Market analysts noted that the slide in equity prices was exacerbated by investors who had taken leveraged positions in gold and silver and were now compelled to liquidate other assets to maintain their margin requirements. Hao Hong, chief investment officer of Lotus Asset Management, commented, “People are selling the high flyers to raise cash,” emphasizing the impact of margin calls on the broader market.
CME Group, the leading operator of derivatives exchanges globally, increased margin requirements for gold and silver futures on Friday, a move triggered by the steep declines observed in the metals’ prices. This increase necessitated that investors utilizing leverage either top up their margins or liquidate positions. Prashant Bhayani, chief investment officer for Asia at BNP Paribas Wealth Management, pointed out, “Those margin changes have to have an impact [on asset prices] in the short term.”
Investors previously driving the rally had been compelled by rising demand from private investors, who opted for exchange-traded funds and physical bullion as a safeguard against swelling fiscal expenditures in developed economies and related geopolitical uncertainties. Raymond Cheng of Standard Chartered expressed an optimistic view, stating that gold trading at $4,650 was a prime opportunity for investment amidst growing uncertainty in government spending in the United States. He emphasized that the “Trump risk premium” remains relevant, suggesting that the former president’s fiscal policies would likely continue to be expansionary regardless of the Fed chair.
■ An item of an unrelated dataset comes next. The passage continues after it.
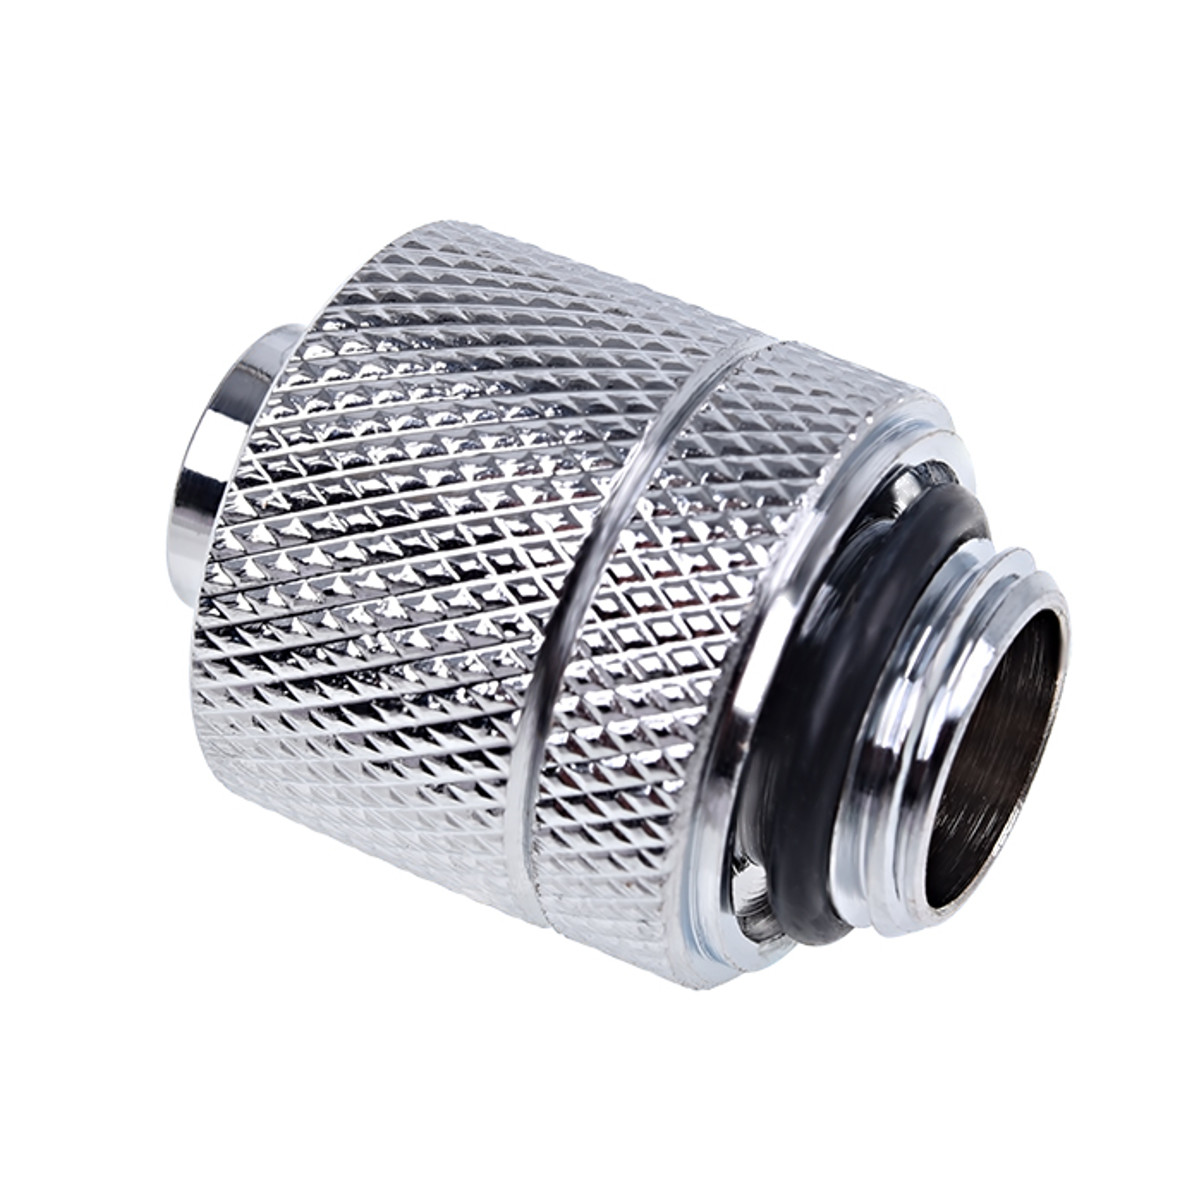 Alphacool - Alphacool Eiszapfen 13/10mm Chrome Compression Fitting - Six Pack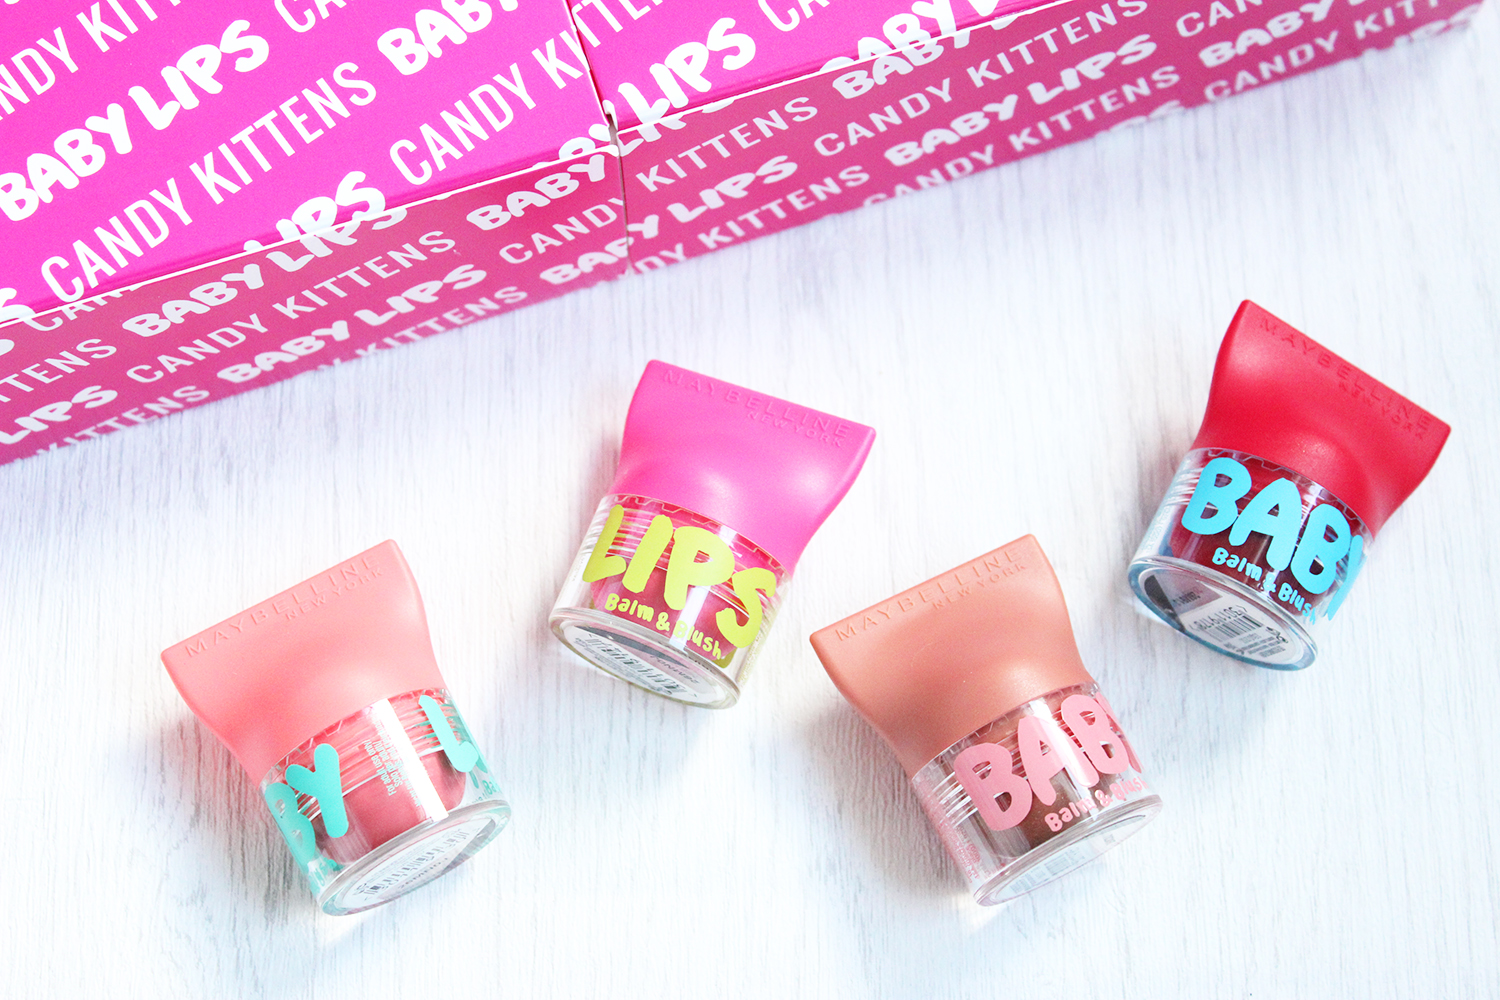 Maybelline Baby Lips Balm & Blush review

The fallout from falling precious metal prices significantly impacted South Africa’s stock market, heavily reliant on the mining sector, which saw losses of up to 6.8 percent. Notably, shares of Newmont Corporation, a prominent gold mining company listed in Australia, plunged by 10 percent, while shares of Zijin Gold International decreased by over 8 percent. Bhayani likened the current corrections in the market to the behavior of so-called “meme stocks,” arguing that markets which rise as sharply as they did rarely correct without significant volatility.
In currency markets, the dollar saw a slight increase of 0.2 percent against a basket of major trading partners, while yields on 10-year US Treasuries fell by 0.02 percentage points to 4.21 percent, indicating a shift in investor sentiment as bond yields moved inversely to prices.